Protecting Your Privacy During a Job Search

Q. Employers are asking for way too much information. I don’t want to provide my Social Security number and other personal information online. People lose laptops; hackers gain access to credit card information. I don’t think anything is confidential or secure. What else can I do and still be considered for the job?

A. Job seekers are often concerned about the privacy of the personal information they disclose in the job application process, including addresses, phone numbers, and Social Security numbers. Given the increasing threat of data breaches and identity theft, applicants justifiably wonder what their privacy rights are in the employment application process, and what prospective employers are doing to secure their personal information.


Many people share your concern about providing their Social Security number and other personal information in an employment application, and are very concerned about whether information is safeguarded after it is submitted.

I consulted Attorney Corey M. Dennis at Governo Law Firm LLC in Boston, an expert in data privacy and security laws, for guidance in addressing these issues.
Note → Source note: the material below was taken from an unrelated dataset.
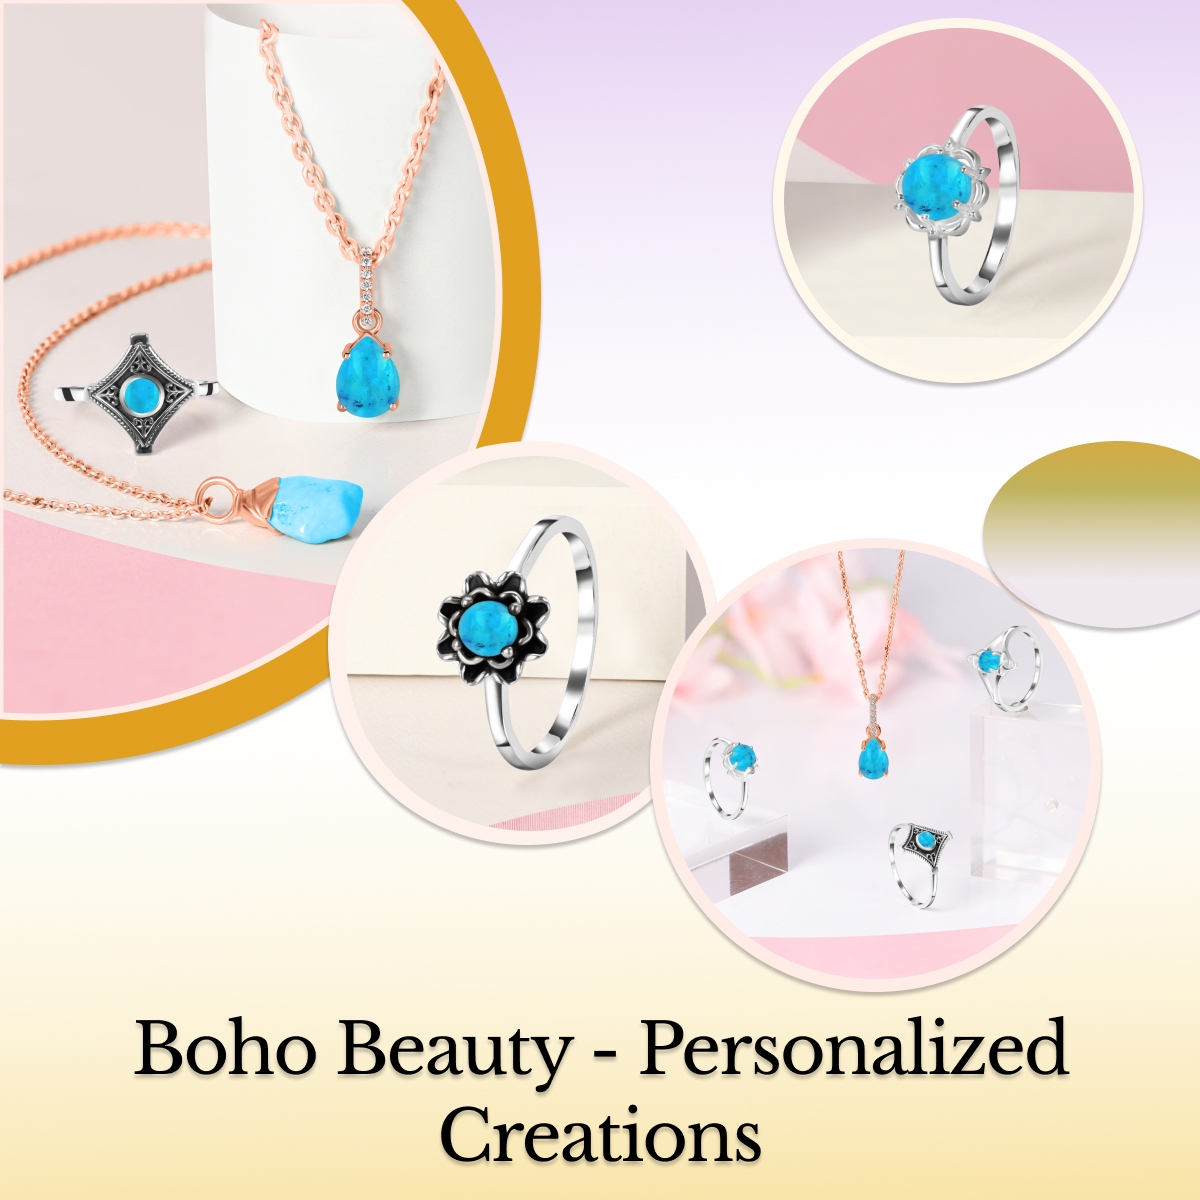 What Is Boho Jewelry & How to Customize It?

He explained that job seekers are not required to provide their Social Security number or other personal information in employment applications, but refusing to do so may hurt their chances of securing the position. “In the job application process, certain areas are off limits,” he noted. Inquiries regarding marital status, membership in protected classes (e.g., race, national origin), and criminal history—are generally prohibited as part of the initial employment screening process.

“Prospective employers are generally permitted to request Social Security numbers from job applicants,” explained Dennis. But you may not need to provide that information in an initial employment application. The better practice for companies is to request this information later in the job application process (e.g., to conduct a background check), and for potential employees to wait until then to provide it.

According to Attorney Dennis, Massachusetts has one of the most burdensome state data security law frameworks in the country, requiring all businesses handling personal information of Massachusetts residents to maintain extensive safeguards, document those safeguards in a comprehensive written policy, and train employees on data security practices. Companies face a complex patchwork of state and federal data security laws designed to protect personal information of individuals. Other states have enacted laws specifically intended to protect the privacy of Social Security numbers. For example, in Connecticut, businesses collecting Social Security numbers must create a privacy policy establishing safeguards for that information.


Data privacy practices vary from company to company. “Not all businesses are in compliance with these laws, and data breaches do happen,” said Dennis. For instance, just last week, Salem State University reported a data breach affecting 25,000 current and former employees and students, while The Wall Street Journal and The New York Times and Barnes & Noble also reported recent data breaches. Applicants should tread carefully when providing personal information, particularly Social Security numbers, in the job application process; companies will continue to try and protect their data and more laws will restrict how the information is maintained, but there is no guarantee this information won’t be compromised.

Before providing Social Security numbers, job seekers should perform due diligence to ensure that they are applying with a reputable company and through a secure method. Social Security numbers should not be submitted by email, and if submitted through a website, the applicant should ensure that the web page is secure (i.e., begins with “https”). While companies today must maintain extensive security measures to prevent data breaches, job seekers should take these additional precautions to protect themselves from the risk of identity theft.